Reference no: EM133089646
"Hospital CEO Pulls in $1 Million in Compensation"
read the headline in big, bold letters on the front page of the local newspaper this morning. Alicia Cooper, CEO of Golden Valley Health System (GVHS), sighed when she saw the headline. Every year, the local newspaper reports on compensation for the five hospital CEOs in the local market. The newspaper uses the information that is reported in each hospital's IRS 990 form, the annual tax return filed by all not-for-profit hospitals.
Cooper is the third-highest paid CEO on the list, despite the fact that GVHS is the largest not-for-profit hospital system in the local market, comprising three hospitals, one large outpatient surgery center, and comprehensive rehabilitation services. GVHS represents approximately $800 million in revenue each year. Although GVHS has experienced a 3% increase in admissions and overall patient visits, it reported a loss of $5 million last year, and a $3 million loss the prior year. While GVHS typically budgets a 3.5% total profit margin, the losses incurred over the past few years were not atypical given the weak economy, high unemployment rates, and the corresponding increase in the number of uninsured patients and escalating costs of healthcare delivery.

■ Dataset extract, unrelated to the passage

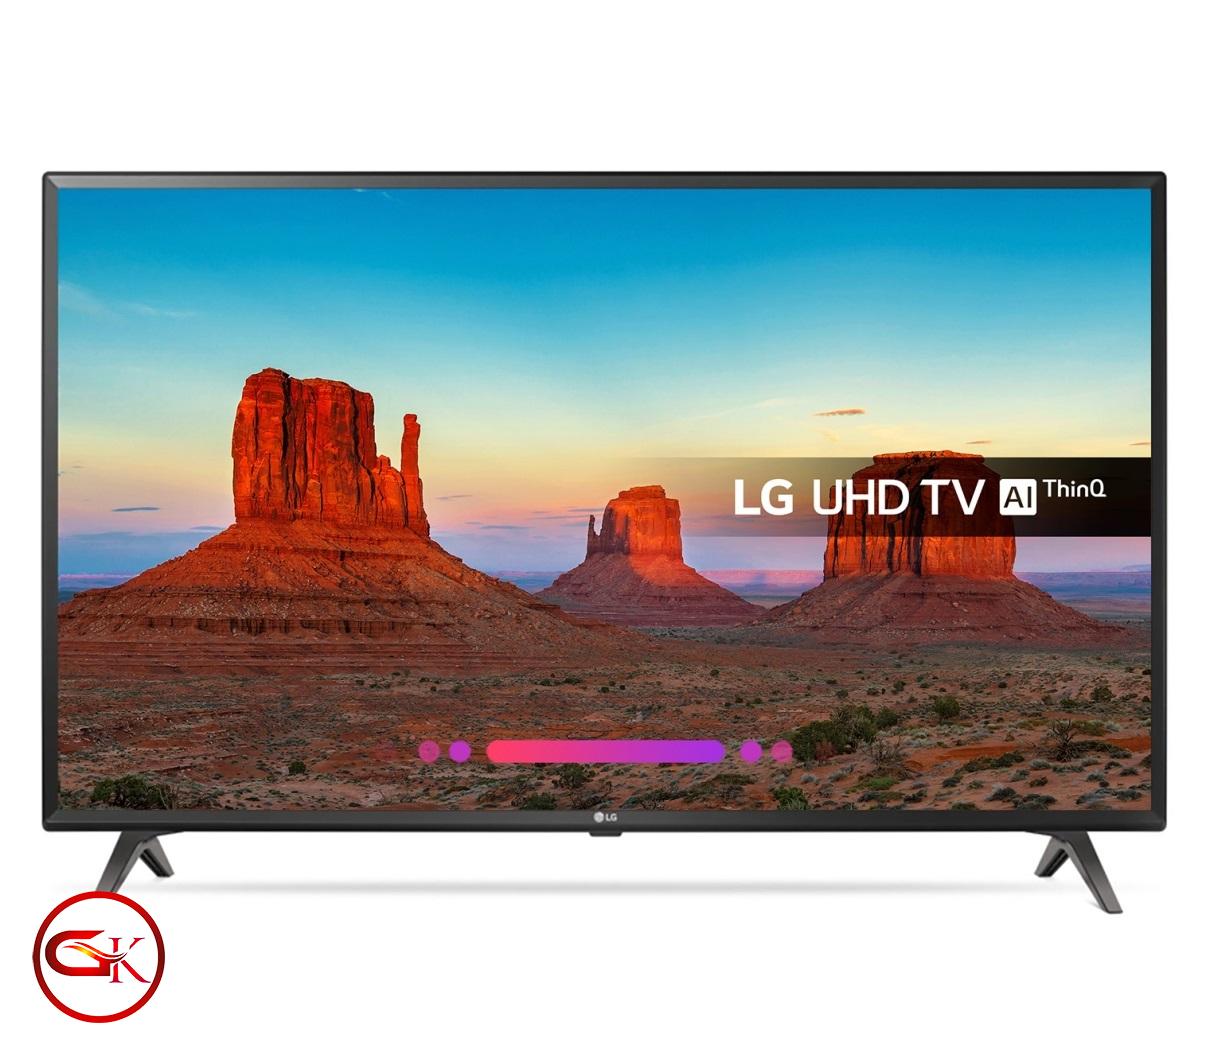 تلوزیون ال جی 43 اینچ مدل 6300 TV LG با کیفیت 4K
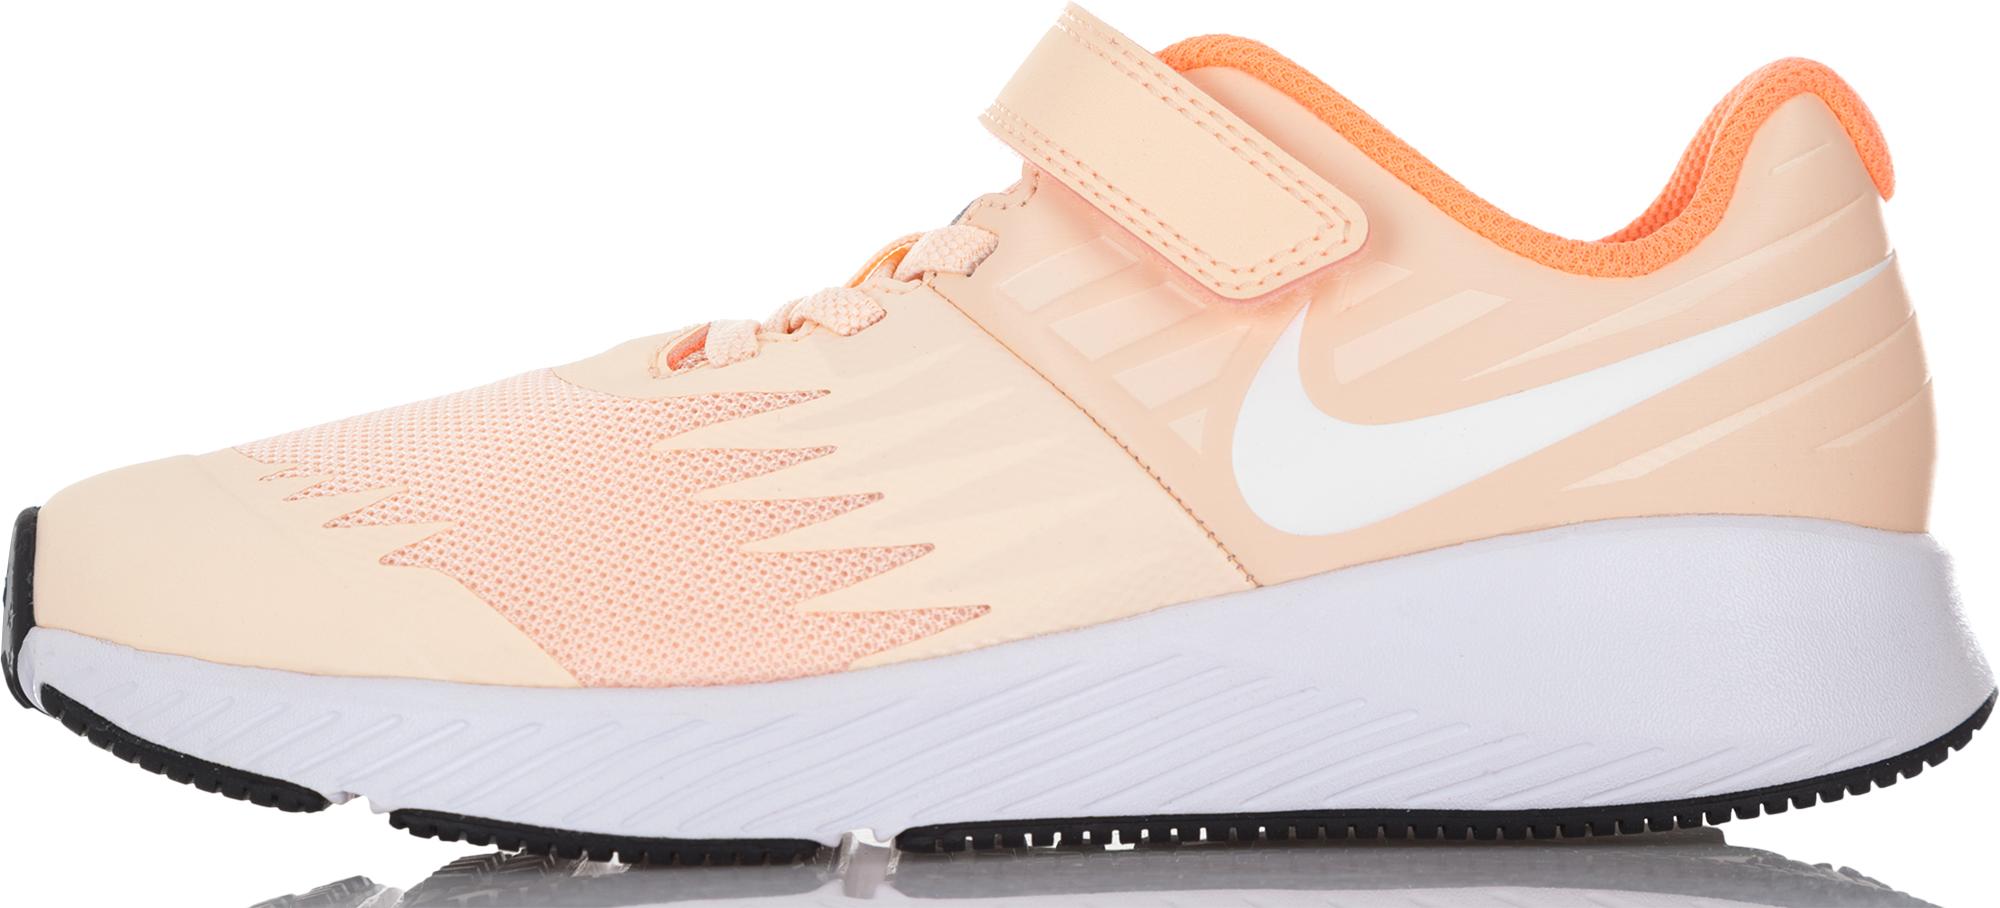 Nike Кроссовки для девочек Nike Star Runner кроссовки nike кроссовки nike md runner 2

Nonetheless, executive compensation has grown significantly in recent years, particularly in the healthcare industry. This growth, coupled with the recent federal government bank bailout, has raised national criticism about "excessive" executive compensation. CEOs of multimillion-dollar not-for-profit health institutions are not immune to this criticism, as the charitable mission of not-for-profit HCOs exempts them from all federal, and most state and local, taxes. The benefit of tax-exemption is substantial, and critics argue that the public subsidizes not-for-profit hospitals, and therefore "excessive" CEO compensation, by forgoing this tax revenue. Still, not-for-profit hospital CEOs are, on average, compensated at lower levels than their CEO counterparts at similarly sized for-profit hospitals.
Cooper knows this new newspaper story will reignite conversation among members of the board of trustees, and they ultimately determine her salary. Until then, she wonders how she will respond to the criticism she expects to follow this story, criticism from the board, from hospital staff, and likely from the media.
CASE QUESTIONS
- How should CEO compensation for not-for-profit hospitals be determined?
- How should compensation of CEOs of not-for-profit hospitals and for-profit hospitals be compared?